“It is unlawful for employers to discriminate against employees on the basis of religion,” Kelly Shackelford, President, CEO, and Chief Counsel for First Liberty, one of the firms representing Groff, said in a press release provided to The Daily Wire. “It’s time for the Supreme Court to reconsider a decades old case that favors corporations and the government over the religious rights of employees.”
In 2012, Gerald Groff began working for the United States Postal Service in Lancaster County, Pennsylvania, after looking for a job that wouldn’t make him work on Sundays. In accordance with his religious beliefs, Groff wanted to keep the Christian Sabbath.
The post office began package delivery on Sundays for Amazon, leading Groff to decide to be moved to a different branch, although it hurt his employment standing.
The post office then began to make deliveries on Sundays, so Groff requested a religious accommodation in order to keep the Sabbath on Sunday. At first, he was given the accommodation and permitted to work more on other days. The postal service then only gave him options that would still make him work on Sundays.
Groff stepped down and sued the United States Postal Service (USPS).
In a May ruling, the Third U.S. Circuit Court of Appeals agreed with a lower court’s findings favoring USPS.

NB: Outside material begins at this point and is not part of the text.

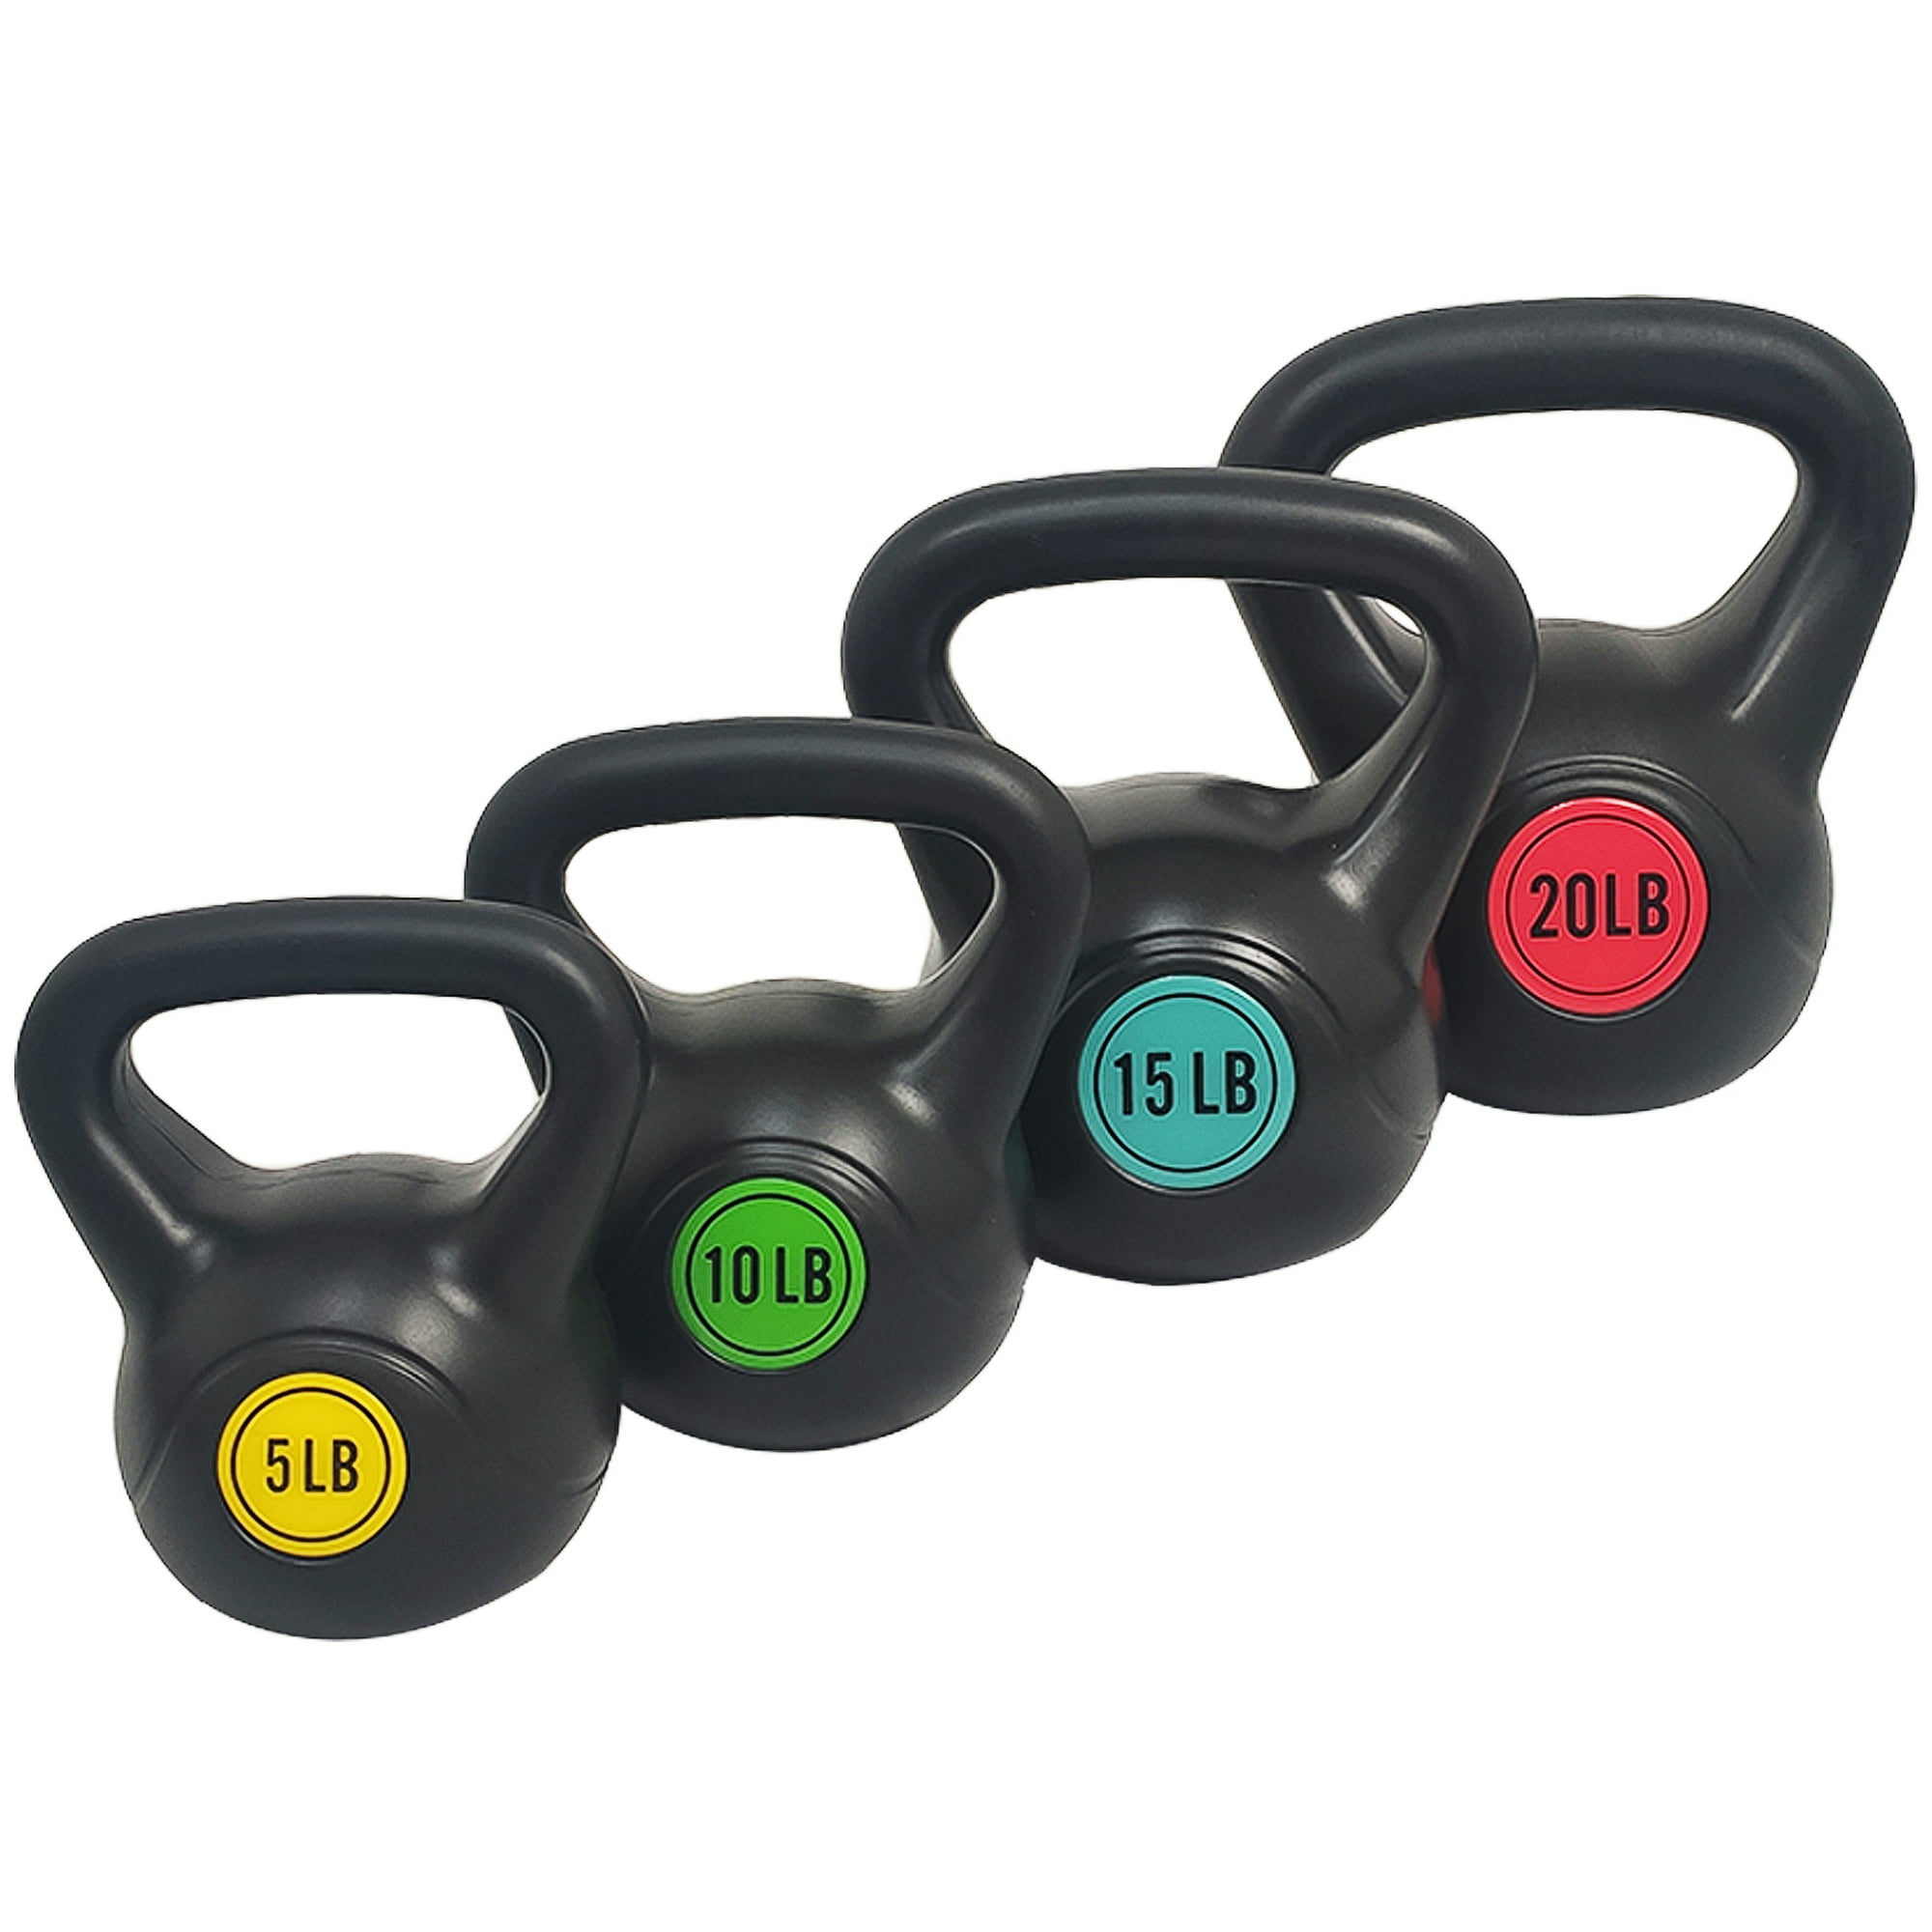 50-lbs BalanceFrom Wide Grip Kettlebell Exercise Fitness Weight Set $25.54 & More + Free Shipping with Walmart+ or on $35+

According to the appeals court’s decision, a district court “found that USPS provided evidence” in various areas showing “undue hardship.” It also said giving Groff Sundays off “was an undue hardship” in part because it would make the sole other substitute carrier work all Sundays with no time off, even though those workers work “as needed.”
One was regarding if an employer can show that there is “undue hardship” on their business because a “requested accommodation” places a burden on a worker’s co-workers instead of the business.
They also asked the Supreme Court to question if it should “disapprove” a prior decision made in Trans World Airlines, Inc. v. Hardison (1977) wherein the “more-than-de-minimis-cost test” was established for not granting religious accommodations. In that case, the high court essentially ruled that an undue hardship amounted to making a company take on “more than a de minimis cost.”